The Chamber of Peers () was the upper house of the French parliament from 1814 to 1848.

History 
The Peerage of France was recreated by the Charter of 1814 at the same time as the Bourbon Restoration, albeit on a different basis from that of the ancien regime before 1789. A new Chamber of Peers was created which was similar to the British House of Lords, and it met at the Palais du Luxembourg. This new Chamber of Peers acted as the upper house of the French parliament. Like the House of Lords, the Chamber of Peers also had a judicial function, being authorized to judge peers and other prominent people. As such, it sentenced Marshal Ney to death. 

To begin with, the Chamber had 154 members, including the holders of all surviving pre-Revolutionary ecclesiastical (Reims, Langres, and Châlons) and lay peerages, except for the Duchy of Aubigny, which was held by a foreigner, the British Duke of Richmond.
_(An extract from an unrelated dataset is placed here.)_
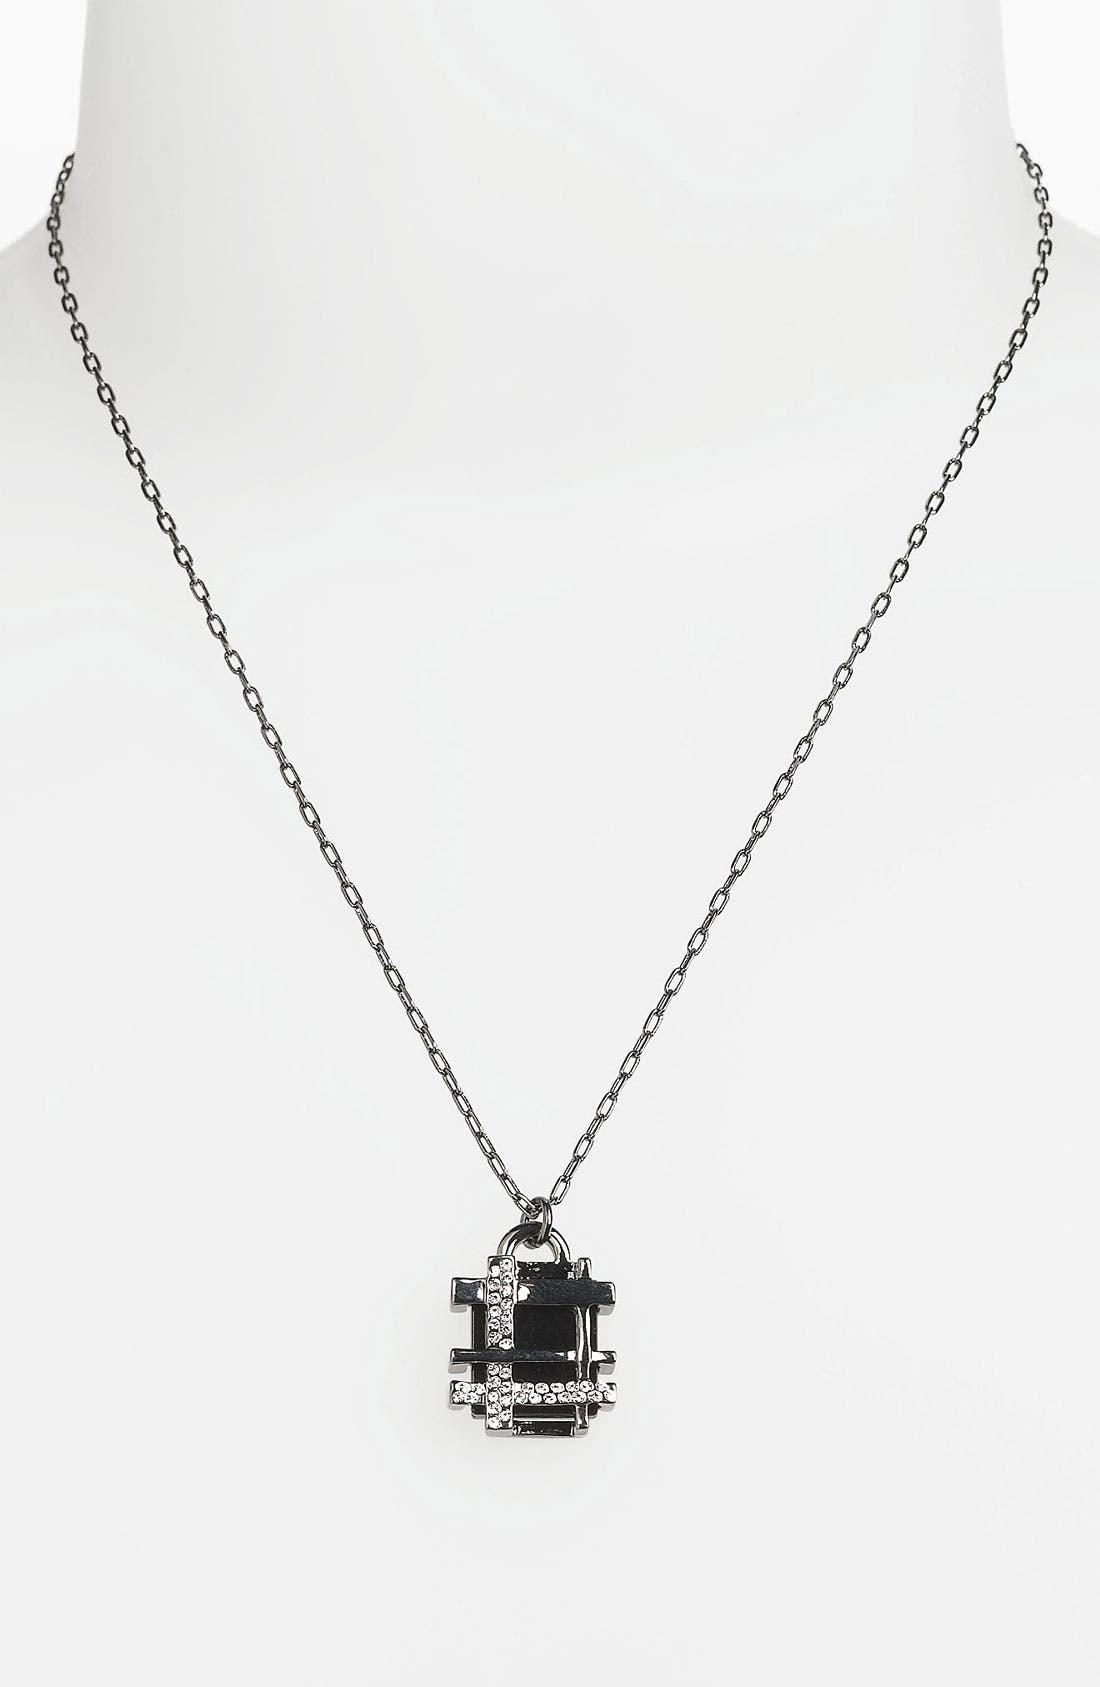 Main Image - Tory Burch 'Mini' Pendant Necklace

Thirteen peers were also prelates. 

New members were appointed by the French king, without limit on their numbers. Such a peerage was either granted for life or was heritable, at the king's will. All men of the royal family and all descendants in the male line of previous kings (princes du sang) were members of the chamber by birth (pairs-nés), but nevertheless needed explicit permission from the king to sit at each session of the chamber.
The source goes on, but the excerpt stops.